In the code bellow, I wrote a huge line of code but I think I have a mistake and that there is a much faster way to do it. So I am asking you whether there is a way to do it faster or not. If yes, what would that be?

def is_valid_password():
    pwd=input("Enter a password: ")
    f=1
    l=0
    u=0
    d=0
    s=0
    p=0
    if(len(pwd)>=8):
        for i in pwd:
            if i.islower():
                l+=1
            if i.isupper():
                u+=1
            if i.isdigit():
                d+=1
            if(i=='!' or i=='@' or i=='#' or i=='$' or i=='&' or i=='_'):
                s+=1
    if((l+u+d+s)==len(pwd) and l==0 and u>=1 and d>=1 and s>=1) or ((l+u+d+s)==len(pwd) and l>=1 and u==0 and d>=1 and s>=1) or ((l+u+d+s)==len(pwd) and l>=1 and u>=1 and d==0 and s>=1) or ((l+u+d+s)==len(pwd) and l>=1 and u>=1 and d>=1 and s==0) or ((l+u+d+s)==len(pwd) and l>=1 and u>=1 and d>=1 and s>=1):
        if((l+u+d+s)==len(pwd) and l>=1 and u>=1 and d>=1 and s>=1):
            if(len(pwd)>12):
                f=(f+(len(pwd)-8)//4)*2
            elif(len(pwd)>=9 and len(pwd)<=12):
                f==4
            elif(len(pwd)==8):
                f==2
            print(f"Valid password with strength {f}")        
        else:
            if(len(pwd)>12):
                f=f+(len(pwd)-8)//4
            elif(len(pwd)>=9 and len(pwd)<=12):
                f==2
            elif(len(pwd)==8):
                f==1
            print(f"Valid password with strength {f}")
            
    else:
        print("Invalid password!")
 
while True:
    is_valid_password()

Answer 1

I'd probably make a list of functions like testLength() , testUpper() , testDigit() , and so on. The functions just return a 1 (fulfilled) or 0 (failed). Note that it is really easy to extend the number and kind of tests.
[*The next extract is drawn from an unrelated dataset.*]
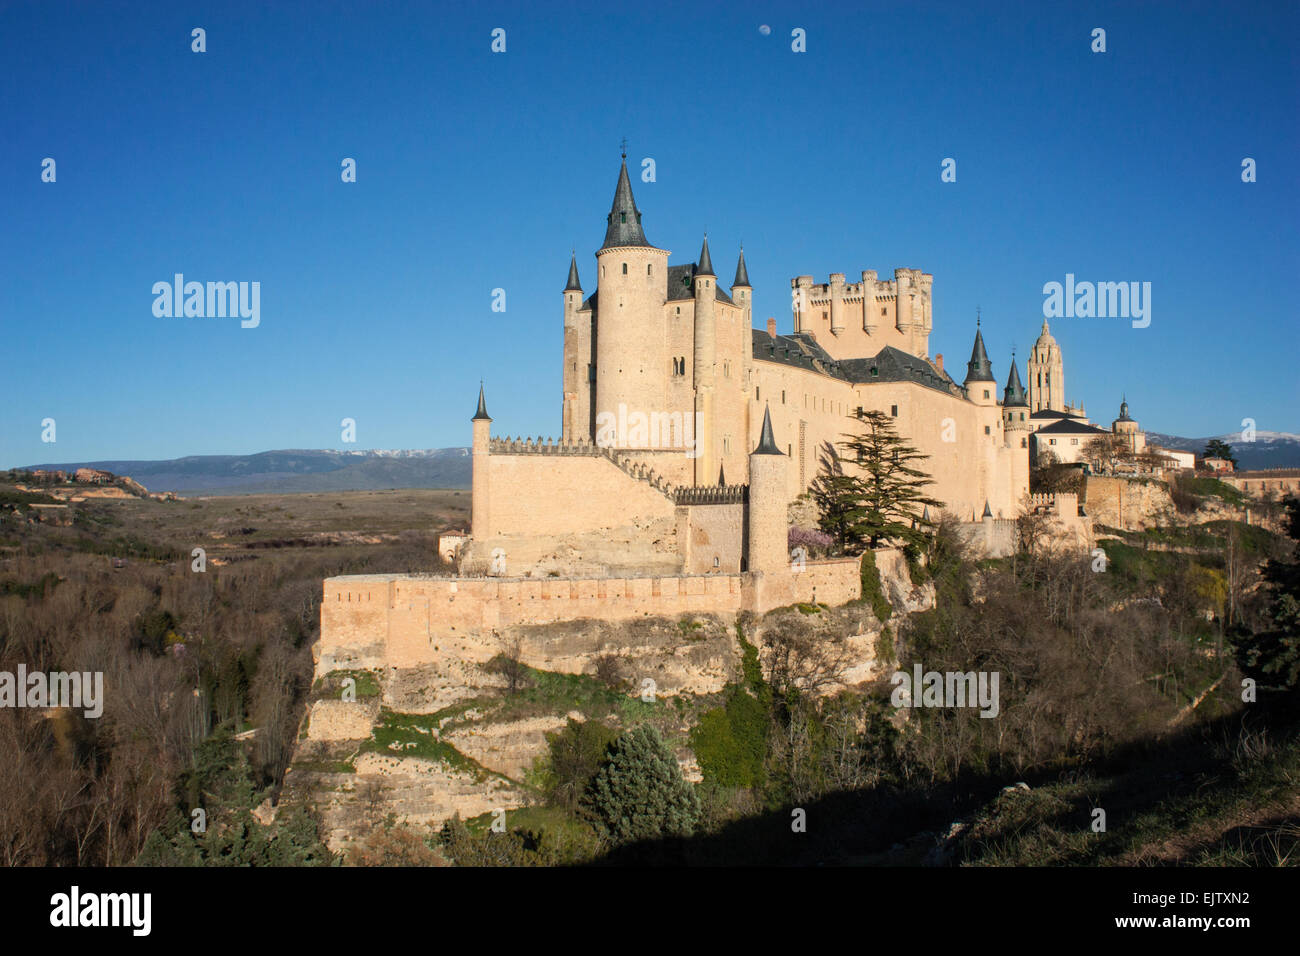 Beau château médiéval en pierre au-dessus de roches avec des montagnes en arrière-plan. Un ciel bleu avec la lune et entouré par de Banque D'Images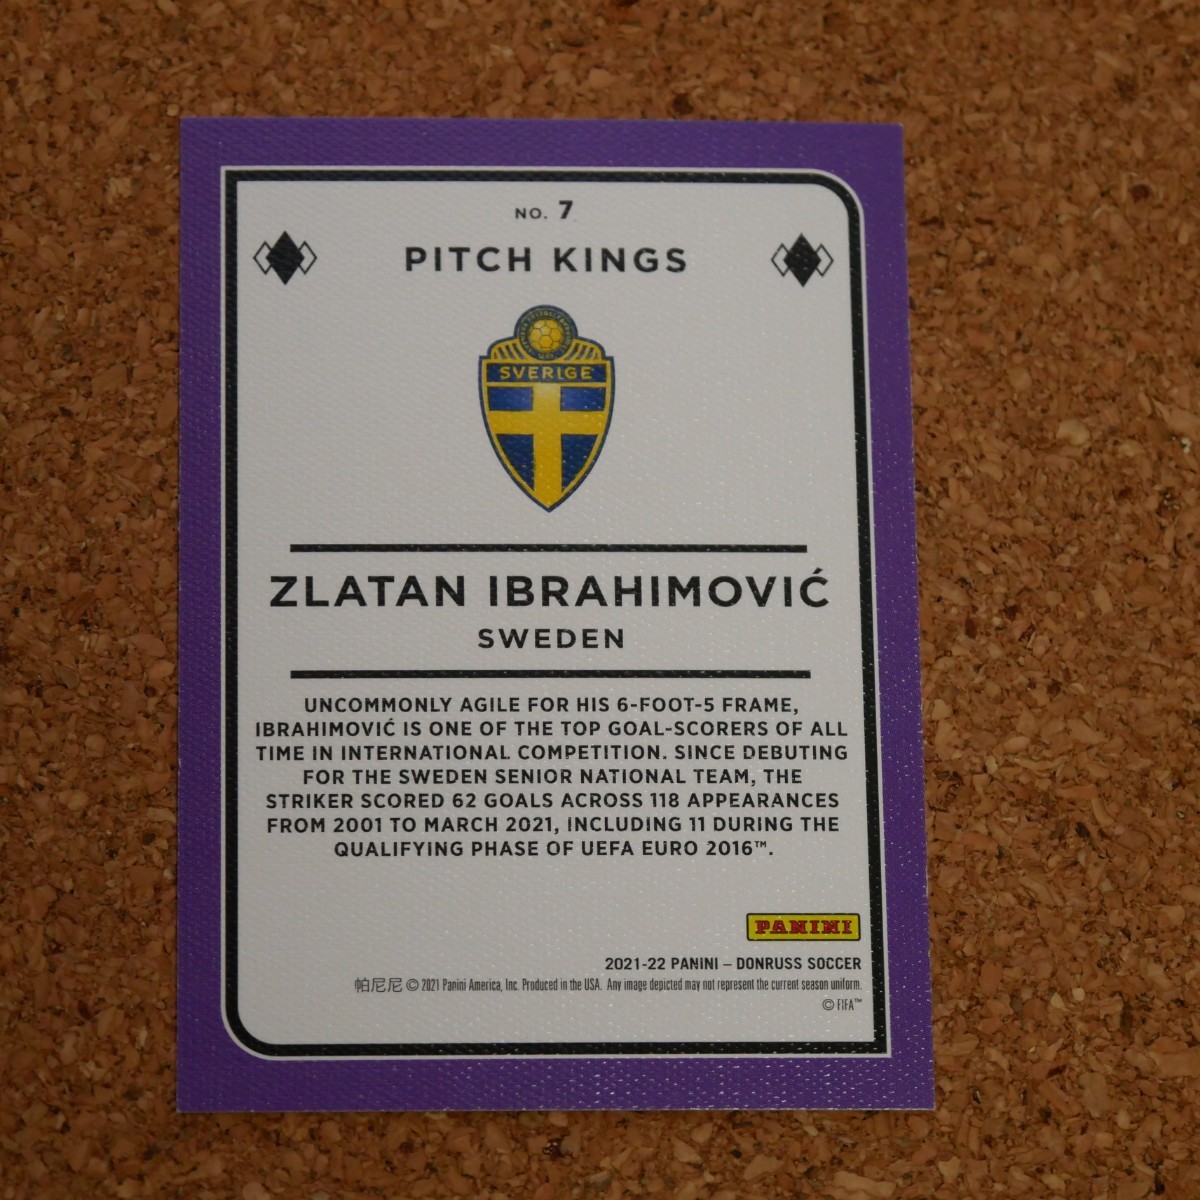 panini donruss soccer Zlatan Ibrahimovic パニーニドンラスサッカー ズラタン・イブラヒモビッチ スウェーデン ミラン pitch kings_画像2

Now you write something like

numPassed = testLength(pwd) + \
            testUpper(pwd) + \
            testDigit(pwd) + ...
if (numPassed < (3 * numTests)/4)
    issueError("password too weak")

This is kind of pseudo code, but I think the idea is understandable. Note that this code certainly isn't faster, but it is easy to understand and easy to maintain or extend. (It's not slow either, as long as you don't want to test a billion passwords at once).

Answer 2

Personnaly, I do this:

import re

def is_valid_password(PassWord):
    Conditions = 0
    
    if len(PassWord) < 8:
        print(f"The password ({PassWord}) is too short !")
        return 0
    
    # Or re.findall("[a-z]", PassWord):
    if PassWord != PassWord.lower():
        Conditions += 1
    
    # Or re.findall("[A-Z]", PassWord):
    if PassWord != PassWord.upper():
        Conditions += 1
    
    if re.findall("[0-9]", PassWord):
        Conditions += 1
    
    # Or re.findall("[!@#$&_]", PassWord):
    if re.findall("[^a-zA-Z0-9]", PassWord):
        Conditions += 1
    
    if Conditions < 3:
        print(f"The password ({PassWord}) not respect the conditions !")
        return 0
    
    Power = 1 + int((len(PassWord) - 8) / 4)
    
    if Conditions == 4:
        Power *= 2
    
    print(f"Valid password ({PassWord}) with strength {Power}") 
    return 1


is_valid_password("Hello") # Error
is_valid_password("hello2020") # Error
is_valid_password("HELLO2020") # Error
is_valid_password("Hello2022") # 1
is_valid_password("Hello 2022") # 2
is_valid_password("HelloHello2022") # 2
is_valid_password("Hello _ 2022") # 4
is_valid_password("Hello Hello 2022") # 6

I guess it's simpler and more readeable.

Answer 3

You could try this way using regex. include what you need to find in brackets and in or in the pattern:

passwd='P%&ippo8lo'
pattern=r'(\d)|([[:upper:]])|([[:lower:]])|([\$%&])'

1-digit, 2-uppercase letter, 3-lowercase letter, 4-simbol

the 'findall' method will return a list of sets in which you just have to make sure that all the fields have been used:

rt=regex.findall(pattern, passwd)
[
 ('', 'P', '', '')
 ('', '', '', '%')
 ('', '', '', '&')
 ('', '', 'i', '')
 ('', '', 'p', '')
 ('', '', 'p', '')
 ('', '', 'o', '')
 ('8', '', '', '')
 ('', '', 'l', '')
 ('', '', 'o', '')
]

now the hardness of the password depends on how many fields of the set have been used:

good = [False] * 4

for s in rt:
    for i in range(0, len(s)):
        if s[i] != '':
            good[i] = True

print(good)

[True, True, True, True]

if one of the requests has not been used, the corresponding field will be False

About the password length:

ovr_len = len(password) - 8
hardness_point = int(ovr_len / 4)
total_point += hardness_point

one point every 4 characters beyond 8